◆ **PROBLEM TO SOLVE**: Word for word, please copy the listing below, with its pictures left out.

-- INFORMATION SUPPLIED follows --

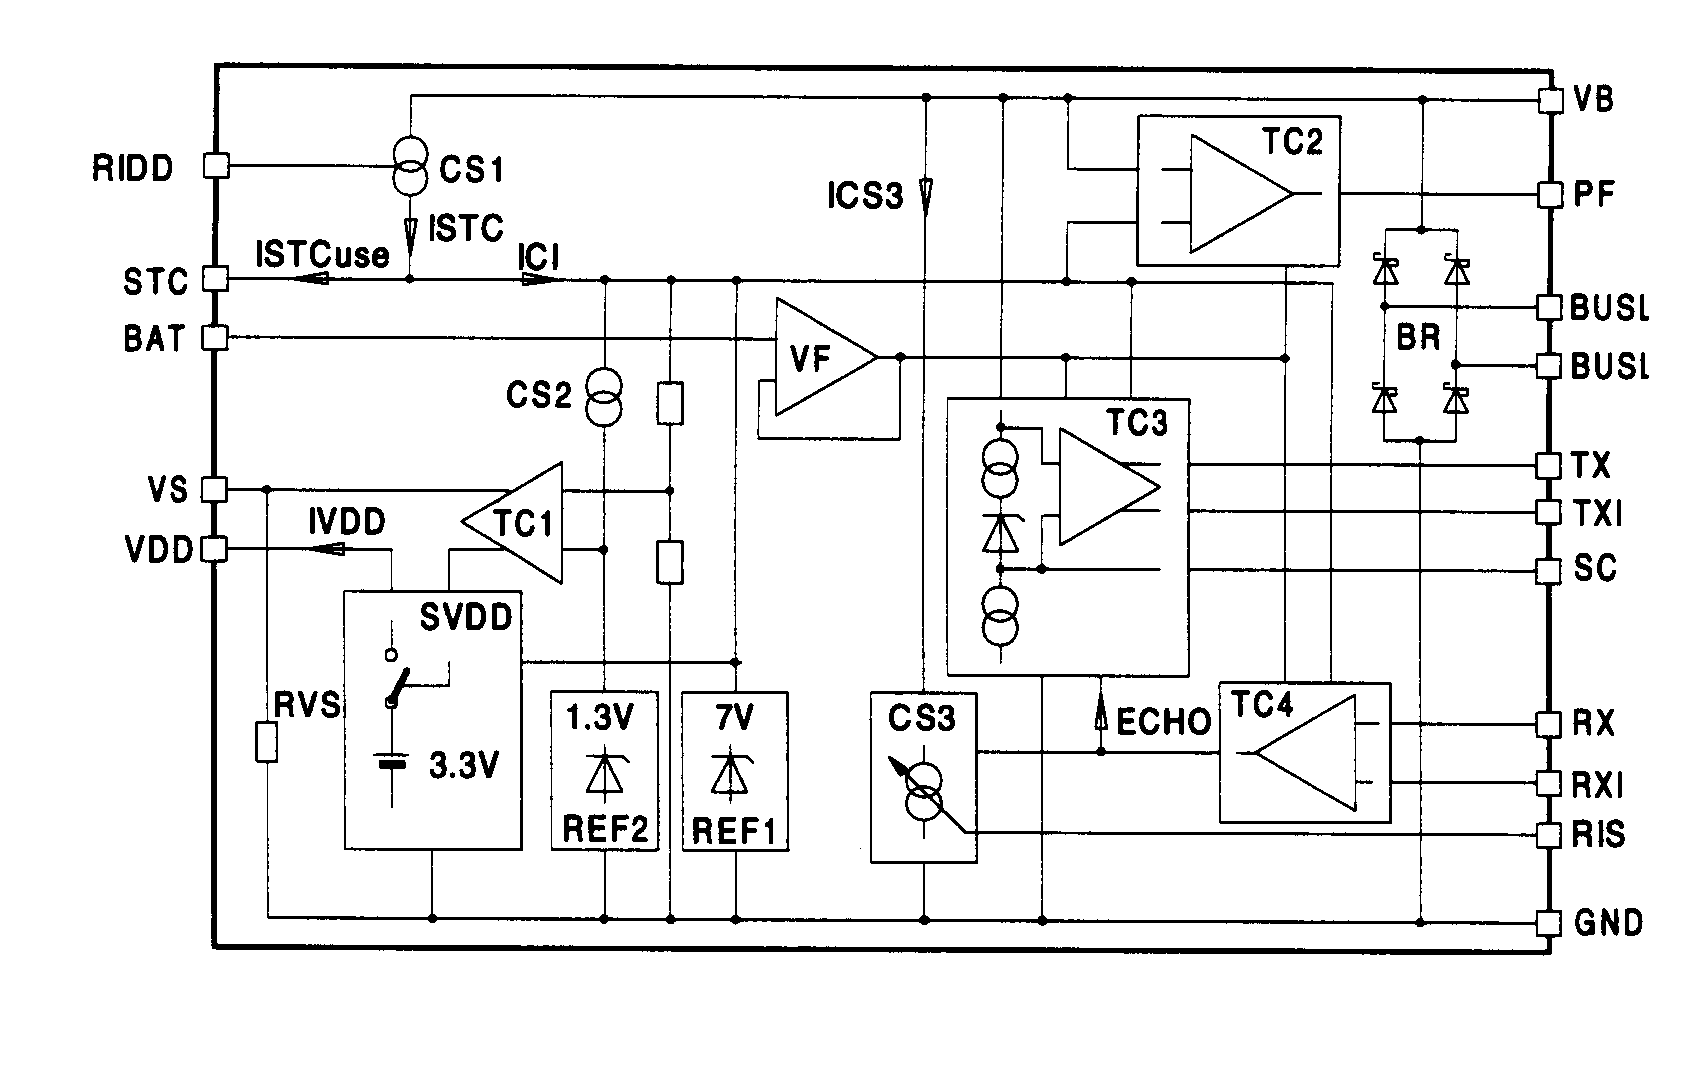 Fig. 10 Block Diagram of the Transceiver TSS721
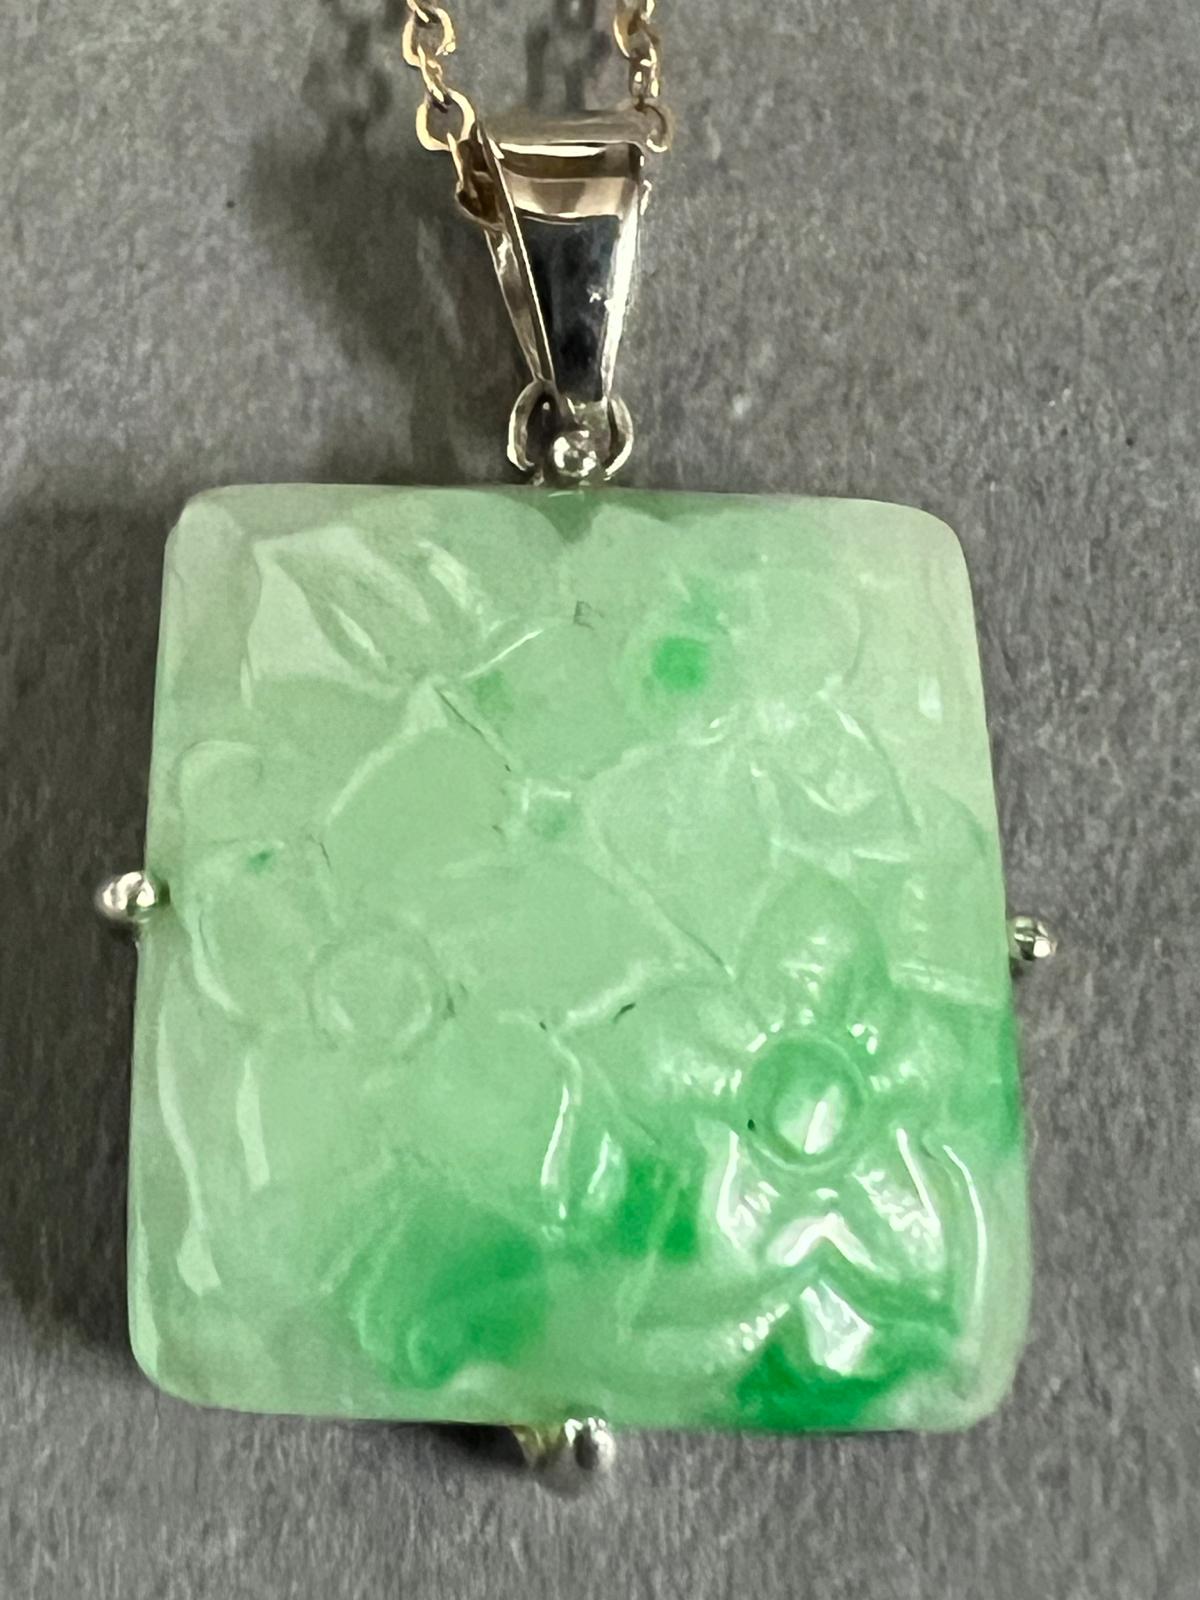 A square jade pendant on a 9ct gold necklace.
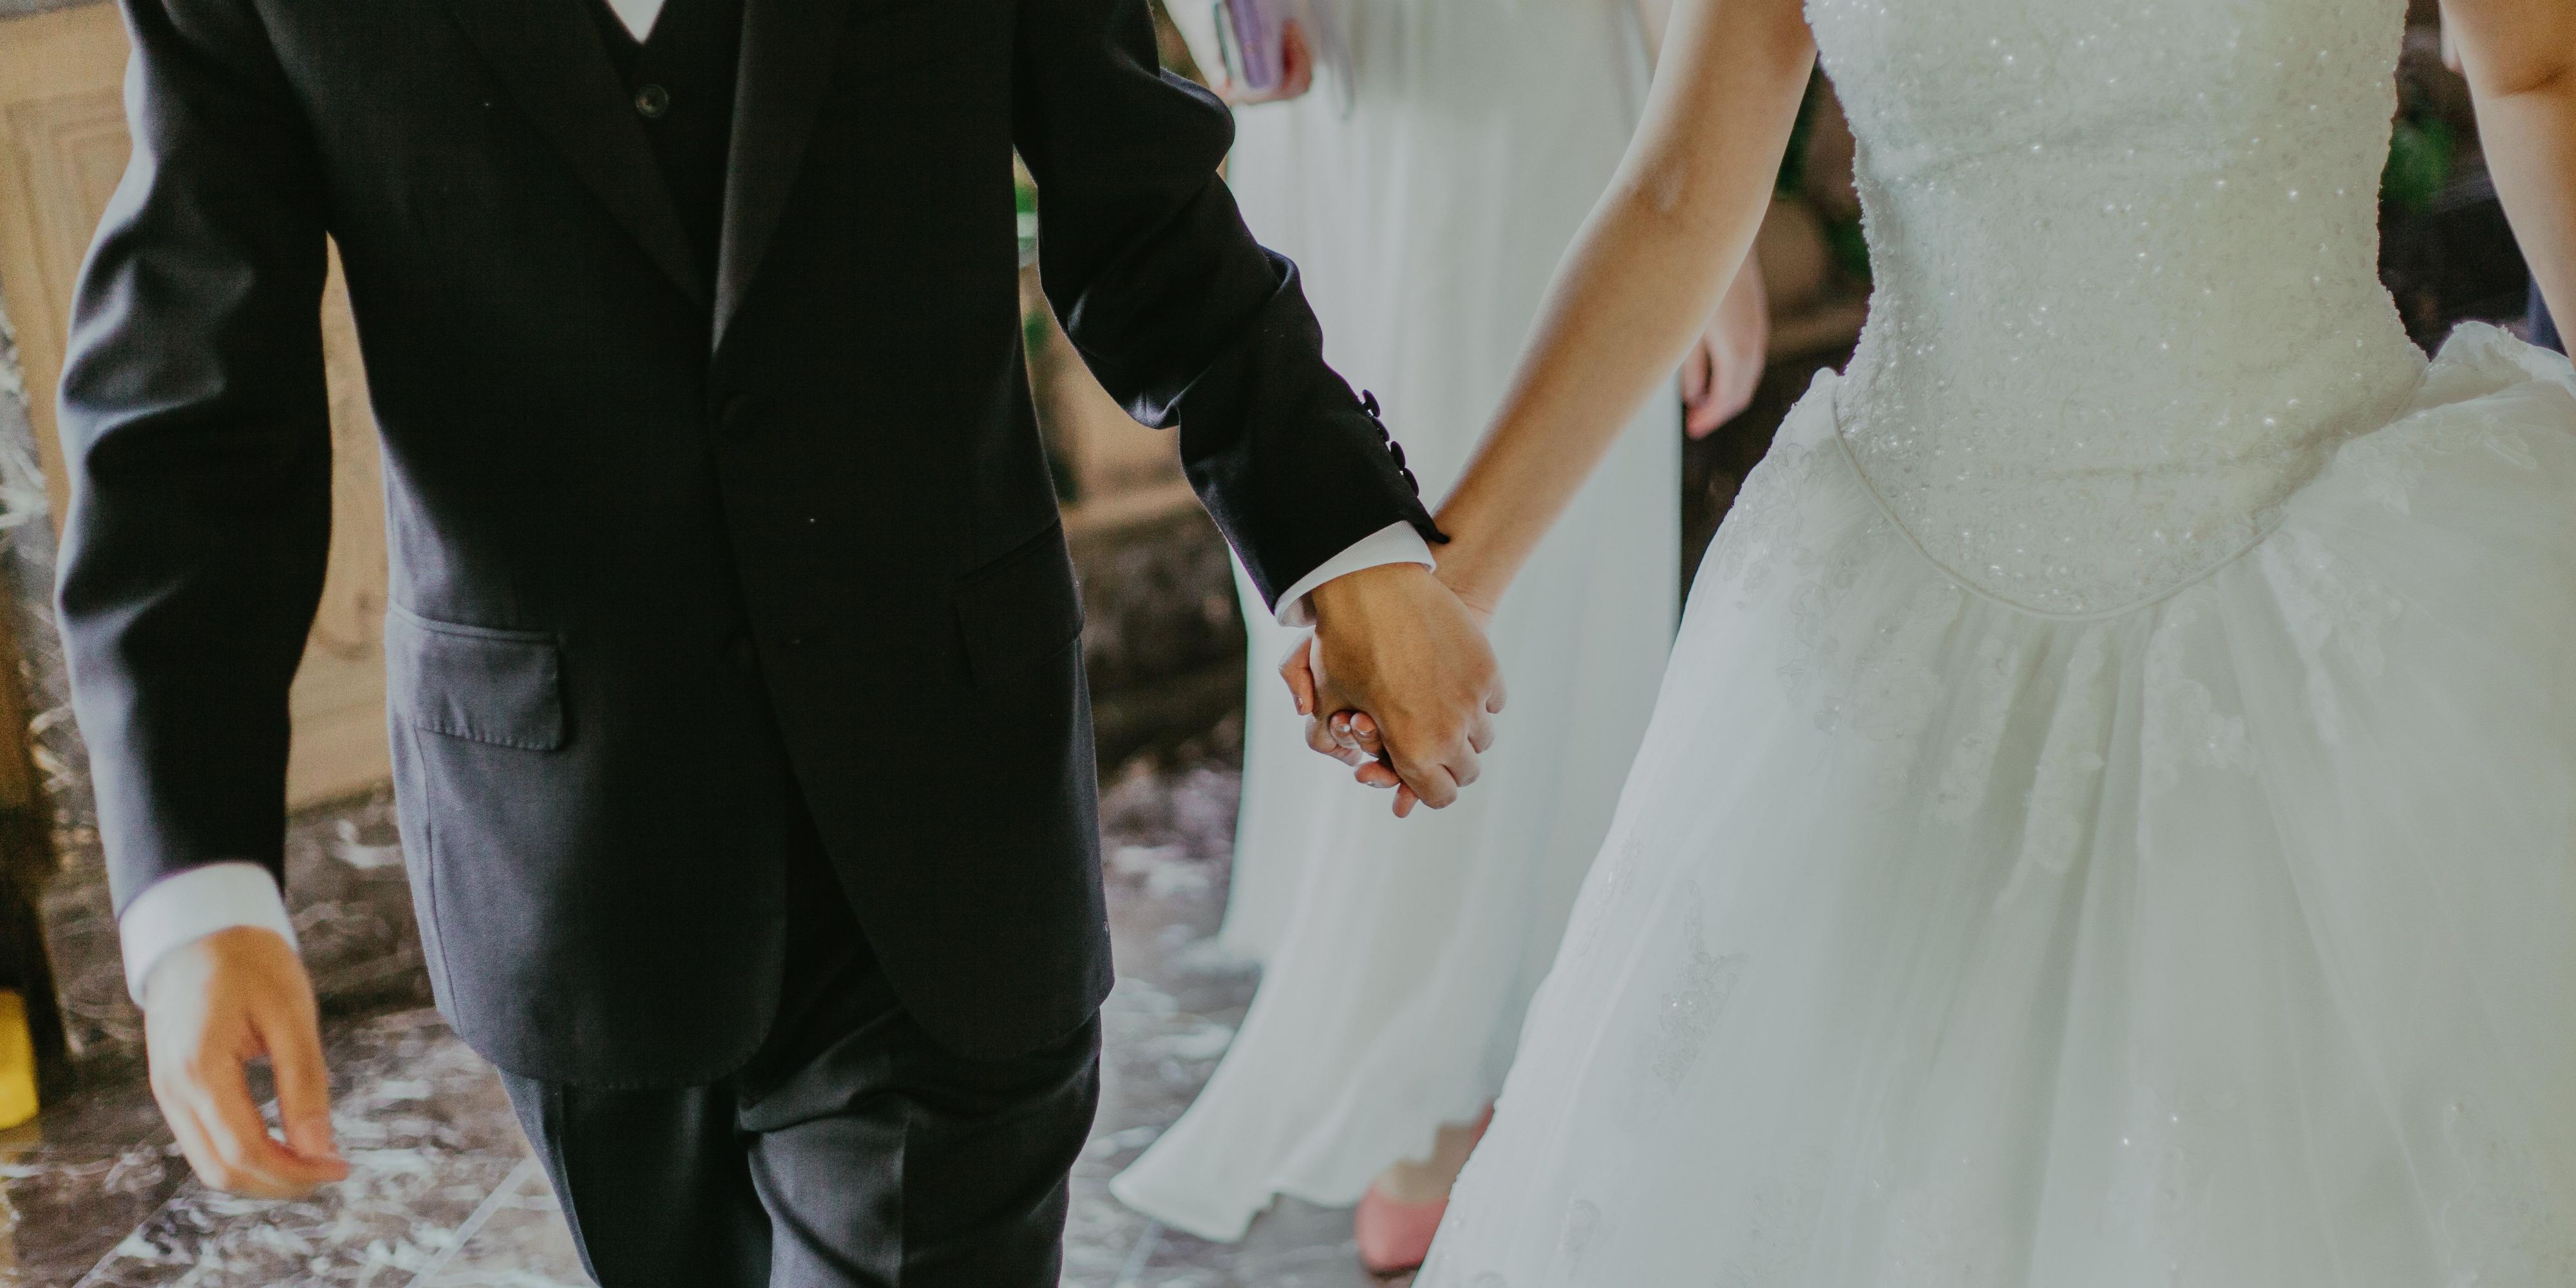 Calling all brides and grooms! Come stay with us here at the Holiday Inn Express ad Suites after your wedding. We have large, cozy beds and even better?! We have large suites with a couch for the two of you to relax on after your nuptials. Give us a call today!

-- INFORMATION SUPPLIED concluded --

◆ **RESPONSE BOX**:
 Fig. 10 Block Diagram of the Transceiver TSS721
 A square jade pendant on a 9ct gold necklace.
 Calling all brides and grooms! Come stay with us here at the Holiday Inn Express ad Suites after your wedding. We have large, cozy beds and even better?! We have large suites with a couch for the two of you to relax on after your nuptials. Give us a call today!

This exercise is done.